A Reality Check for Automation Ambitions
These benchmark results provide a stark contrast to the high expectations and ongoing development efforts within the tech industry. Microsoft began previewing “computer use” agents in Copilot Studio in April 2025, aiming to automate GUI interactions. OpenAI is reportedly exploring high-cost “PhD-level” research agents for enterprise automation earlier in March 2025.

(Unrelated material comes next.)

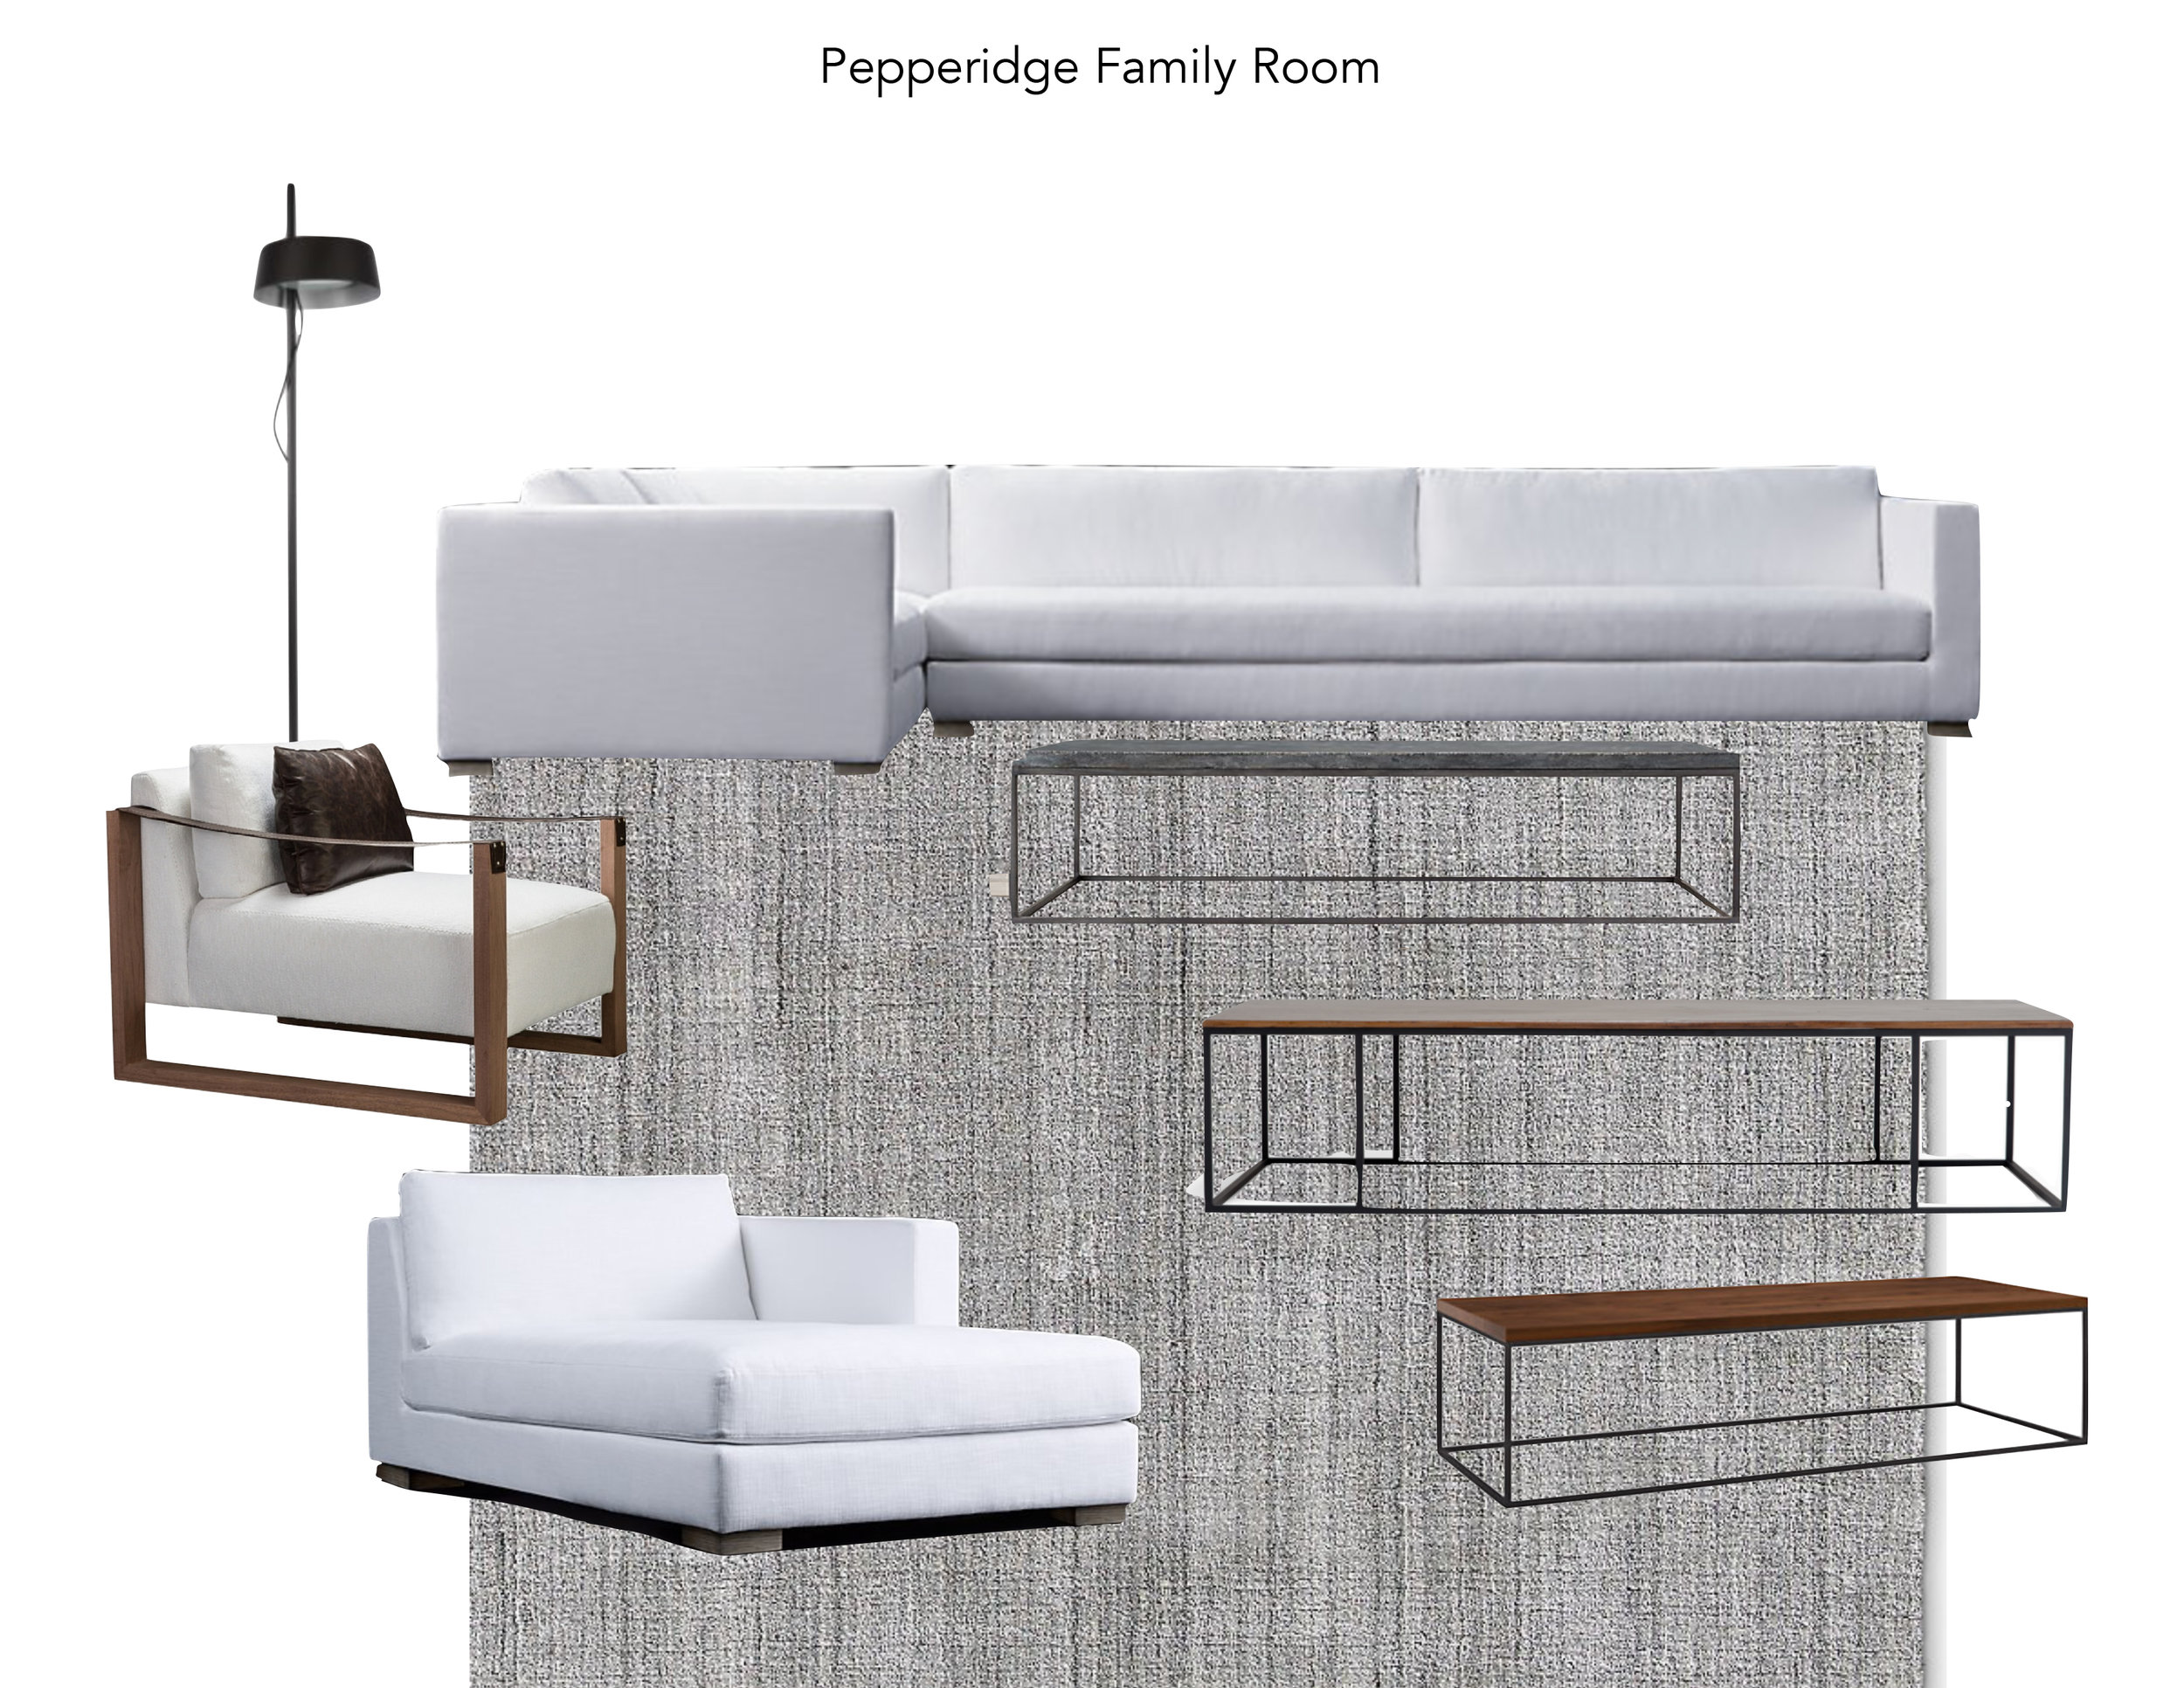 Pepperidge Family Room 7.32.11 PM.jpg

Perhaps most strikingly, plans linked to Elon Musk’s DOGE initiative surfaced in late April, involving recruitment for a project aiming to deploy AI agents capable of replacing the work equivalent of “at least 70k FTEs” within a year. This proposal was met with internal skepticism within a Palantir alumni network, with one critic retorting, “You’re complicit in firing 70k federal employees and replacing them with shitty autocorrect.” TheAgentCompany findings underscore the feasibility questions surrounding such large-scale automation plans.

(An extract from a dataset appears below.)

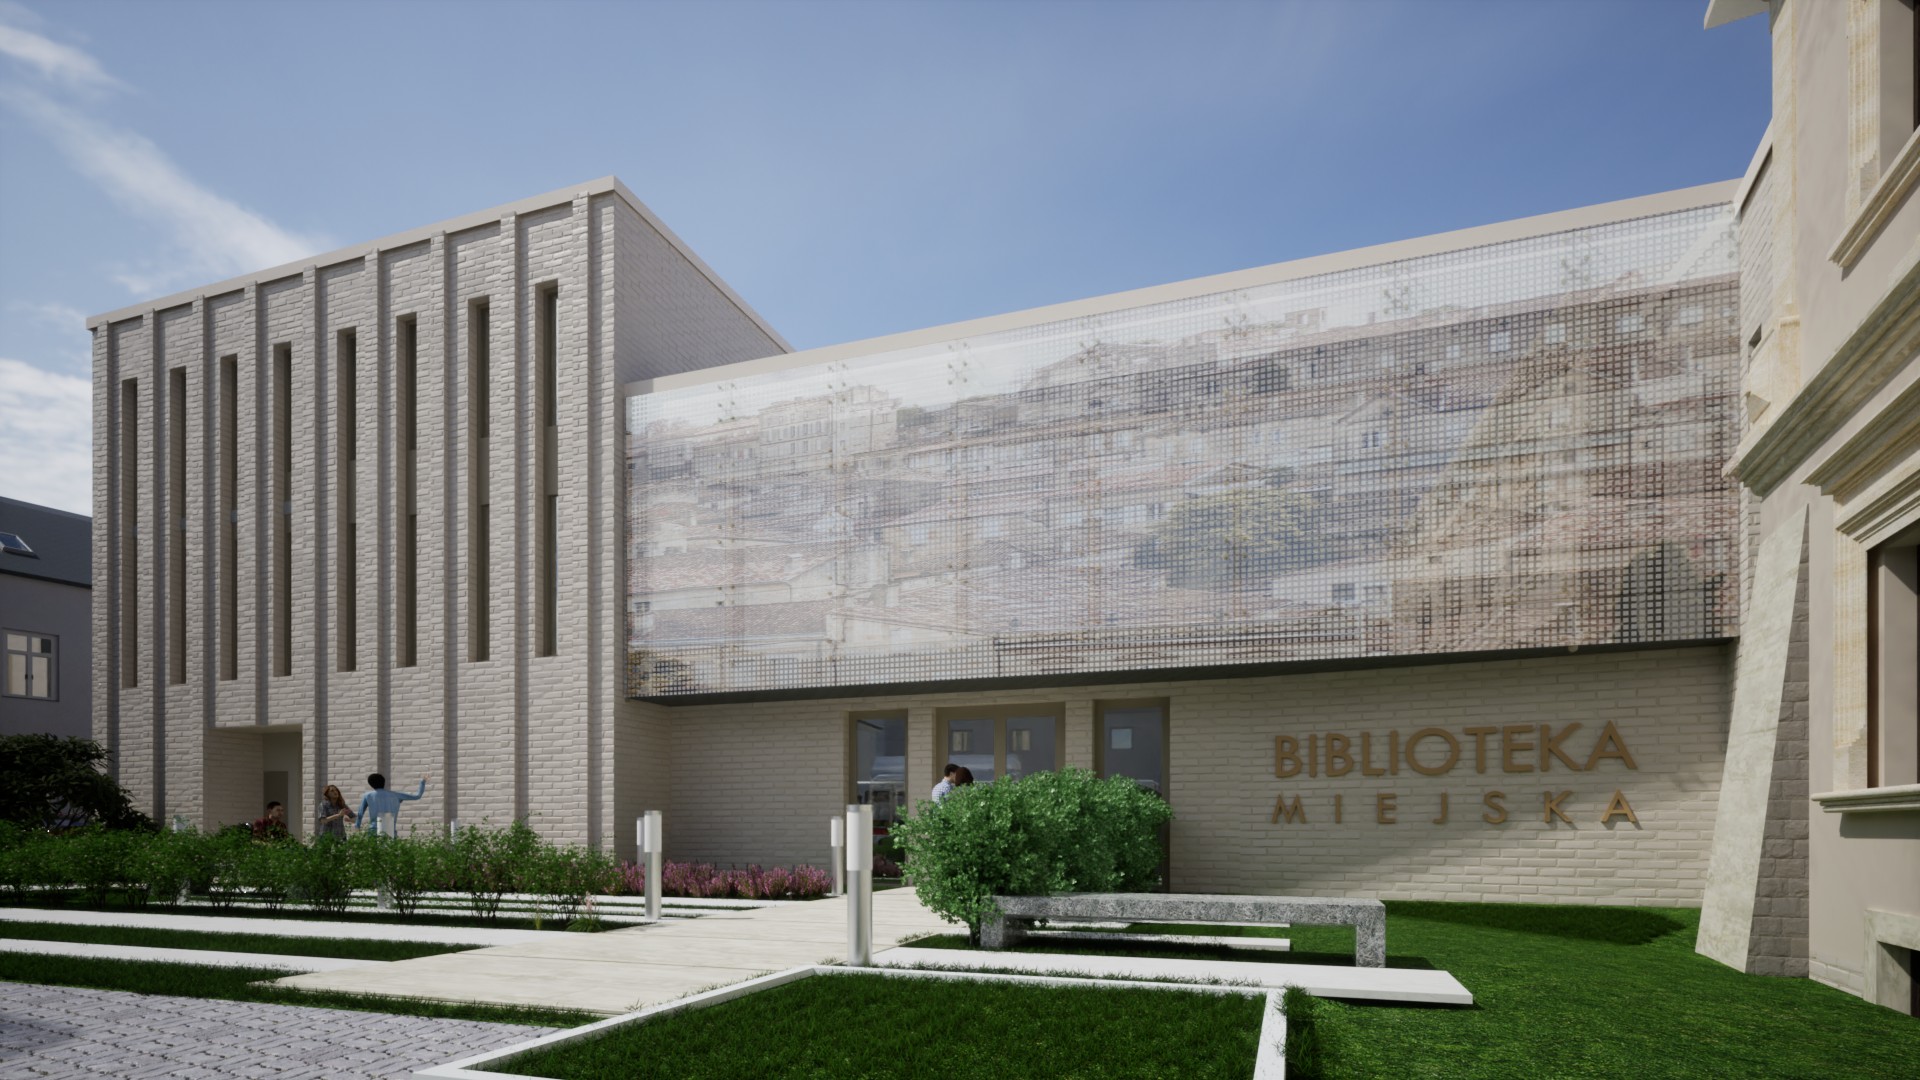 Koncepcja rozbudowy Sądeckiej Biblioteki Publicznej

The agents’ struggles in the benchmark align with known weaknesses inherent in current AI models. Anthropic’s Chief Information Security Officer warned in April 2025 that industry is unprepared for the security and management challenges posed by autonomous “virtual employees,” highlighting known issues like AI hallucination and vulnerability to prompt injection.
The difficulty agents faced with communication and complex instructions in TheAgentCompany reflects these underlying challenges, recently exemplified when Cursor AI’s support bot reportedly invented a non-existent company policy in late April 2025. The Carnegie Mellon researchers concluded that while agents might accelerate portions of human work, they are “likely not a replacement for all tasks at the moment.”
They drew parallels to the machine translation market, where efficiency gains led to increased demand rather than mass job displacement for human translators. Companies currently experimenting with agents, like Johnson & Johnson, emphasize keeping humans involved, viewing AI as a tool for collaboration rather than replacement for the foreseeable future.